None of that feels like it’s letting up, with an increasingly complex horizon facing philanthropists and their partners. Among them:

  • The war in Ukraine will continue to displace a large amount of official development assistance as well as private giving. Both common sense and emerging data from donors suggests the shift in philanthropic capital to cope with the Ukrainian crisis is material and will persist for some time. This is both unsurprising and the “right” thing to do and will also have real impacts on donors’ discretionary budgets for new initiatives or programs, especially European donors and aid agencies. Like the pandemic in 2020, which forced many donors to push huge amounts of funding into public health, the war will trigger many donors to prioritize funding for relief and resiliency efforts in Eastern Europe and the Baltics at the expense, often, of priorities in other regions or sectors. None of this is wrong headed or irresponsible but it does generate zero sum consequences for organizations that do not focus on the region.
  • Inflation and rising interest rates are setting the stage for a possible economic recession. Should recessions hit industrialized markets, expect a significant pull back from donors whose wealth and giving are tied to performance in the markets. Stock options are worth less in a struggling market, which means executives and founders may feel compelled to dial back giving as their on-paper wealth shrinks. Many corporations will pull back on Corporate Social Responsibility and related corporate philanthropy spending as soon as earnings take a hit; Giving USA’s recent look back at giving trends in 2020 and 2021 made that clear. None of this will be good for organizations and grantees that have already been struggling in the wake of the global pandemic.
  • Donor fatigue is real. While it’s difficult to quantify this, leading donors are anecdotally expressing the same exhaustion many of us are struggling with after two and a half years of a once-in-a-generation global pandemic, economic dislocation, and juggling an impossible set of responsibilities on the home and professional fronts. Many scrambled to react to the pandemic, and in the United States were simultaneously scrambling to support racial justice work in the spring and summer of 2020. At some point, most donors lose the energy to be in constant crisis grant making mode, and we certainly sense that at Geneva Global with both institutionalized philanthropies as well as family offices and individuals. Do most donors have the resilience to cope with a looming economic crisis should recession set in globally alongside a European war and continued strains on the public health system? We’re not entirely sure.

Despite the dark clouds looming, donors and organizations aren’t powerless to prepare for and navigate these challenging times. Our recommendations include the following.

For donors:

  • Assume your grantees and partners will face the same if not increasingly severe macro challenges and prepare to respond accordingly. Flexibility, agility, and a willingness to trust grantees to put donor dollars to best use in navigating so many challenging headwinds will be crucial to maintaining and strengthening relationships.
  • Long-term donor strategies may be less crucial than short-term risk taking and support. While strategy-driven giving is almost always a sound approach, many grantees and partners need their donors to be flexible and willing to respond to unanticipated macro-level complexities.
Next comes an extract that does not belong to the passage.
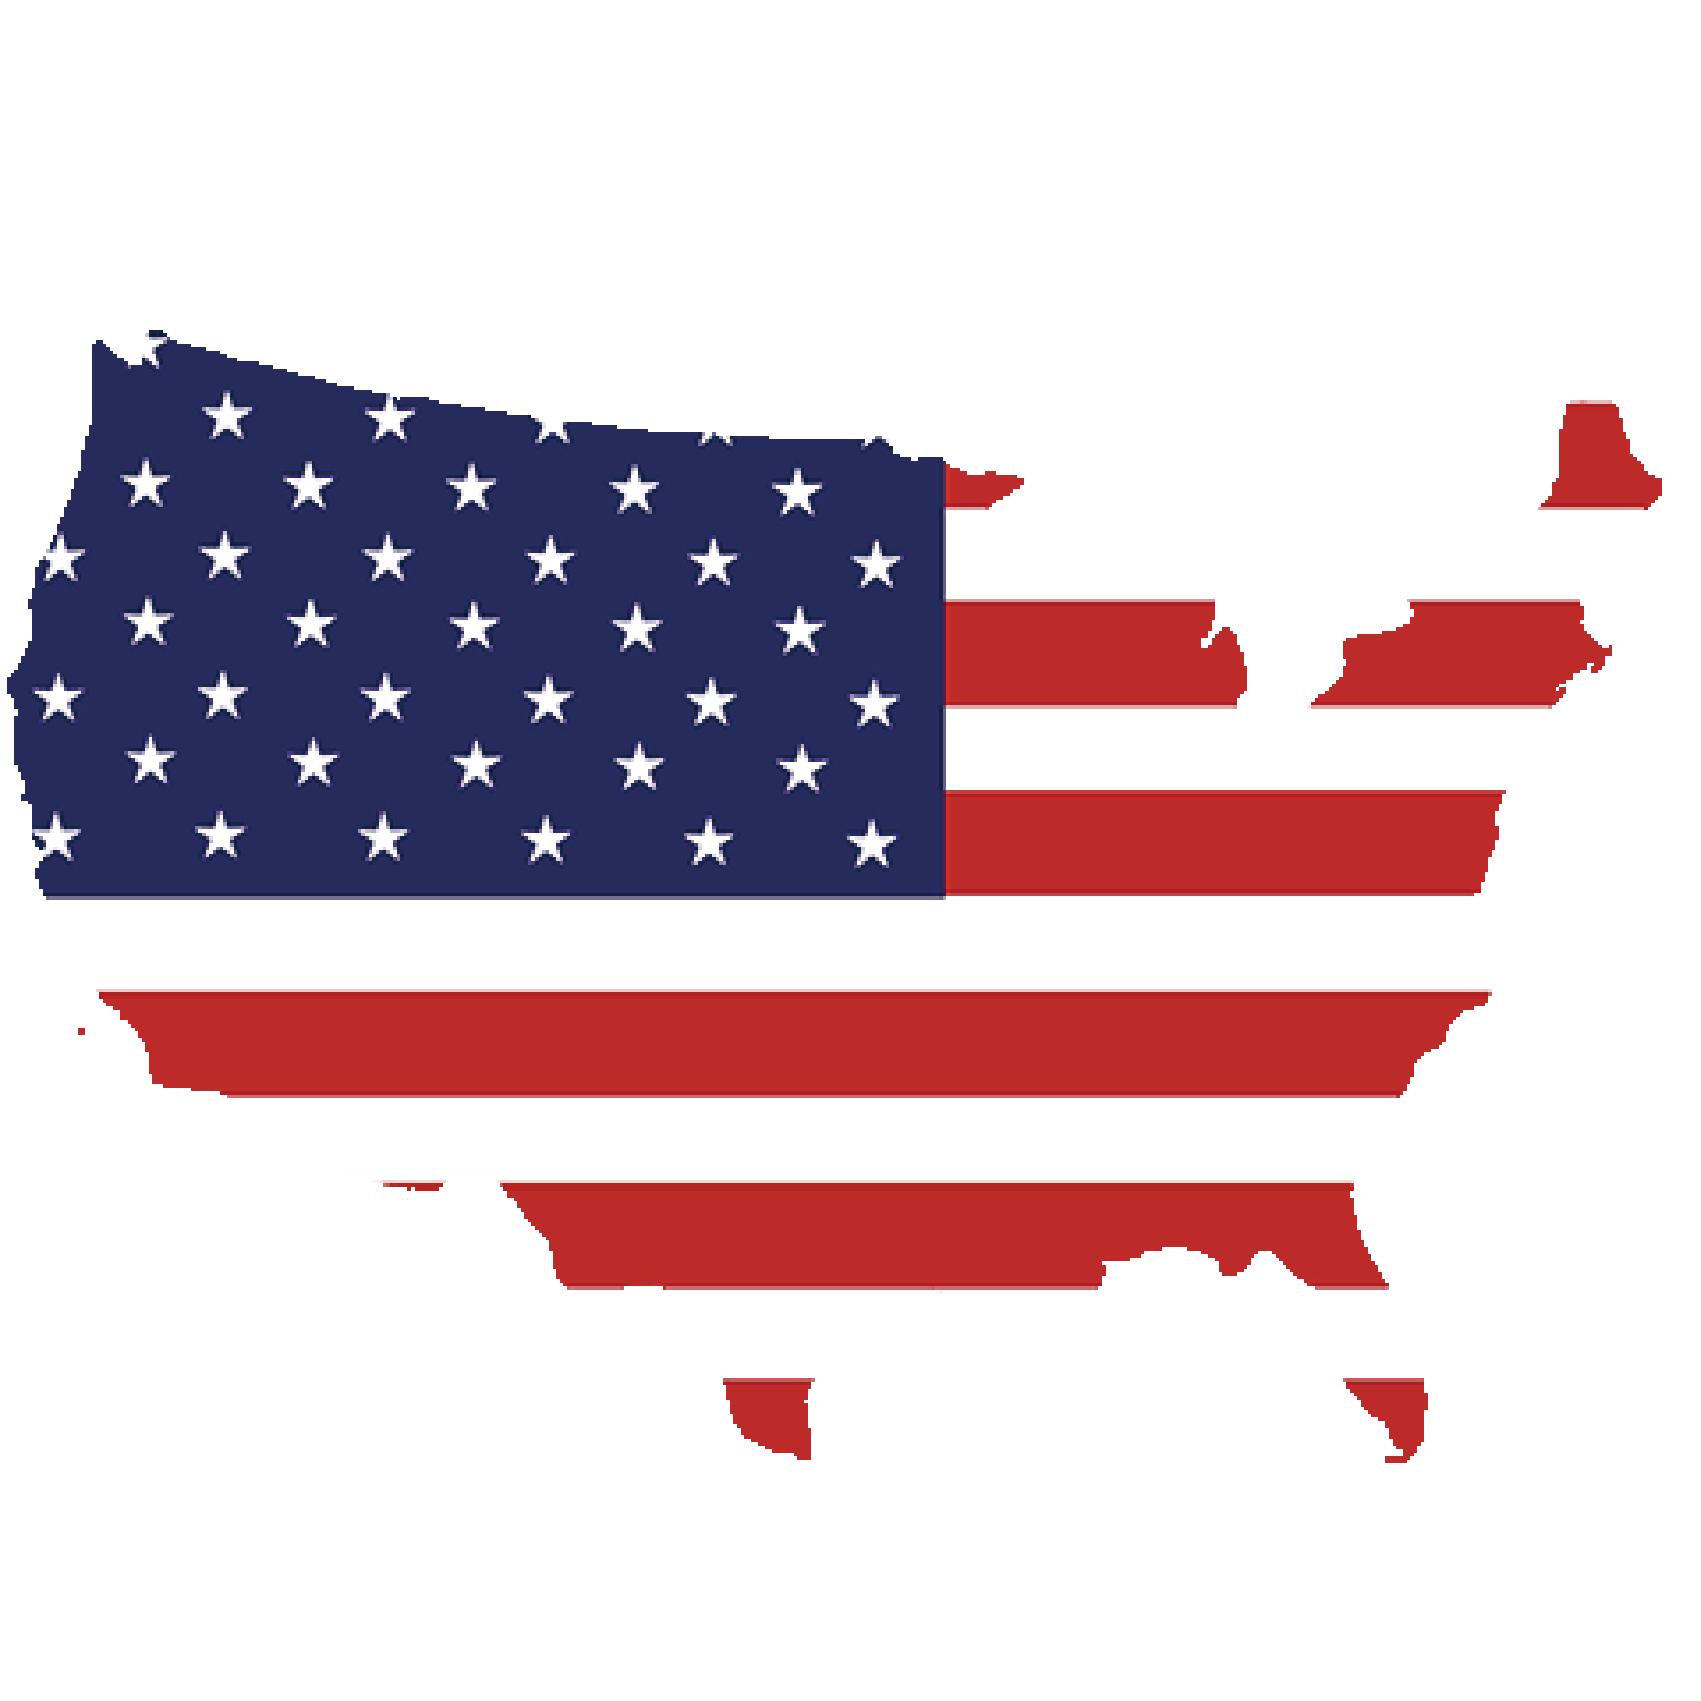 Flag of USA, the partner of barskorea.

Being held hostage to a strategy developed and adopted in, say, 2019 will not benefit most donors this year.

For grantees:

  • Get used to crises as the default, not the exception. It’s depressing to write but it’s probably accurate to say the challenges facing social impact organizations will only evolve the rest of this year, not dissipate. Waiting for better days may be a fool’s errand; embracing an attitude of “the only way around is through” might serve leaders and organizations well with respect to internal expectations setting and morale.
  • Look for trust-based, flexible donor relationships rather than short-term transactional cash infusions. It takes money to keep organizations going, obviously, but there’s equal value in prioritizing partnerships with donors that allow organizations to pivot and adapt to rapidly changing circumstances. That flexibility can be the key to thriving in turbulent times and might be equally as valuable as additional cash.

There’s certainly no rest for weary donors and the social impact organizations they support for the rest of 2022. But with some luck, perseverance, and long-term agility, both can come out the other side stronger.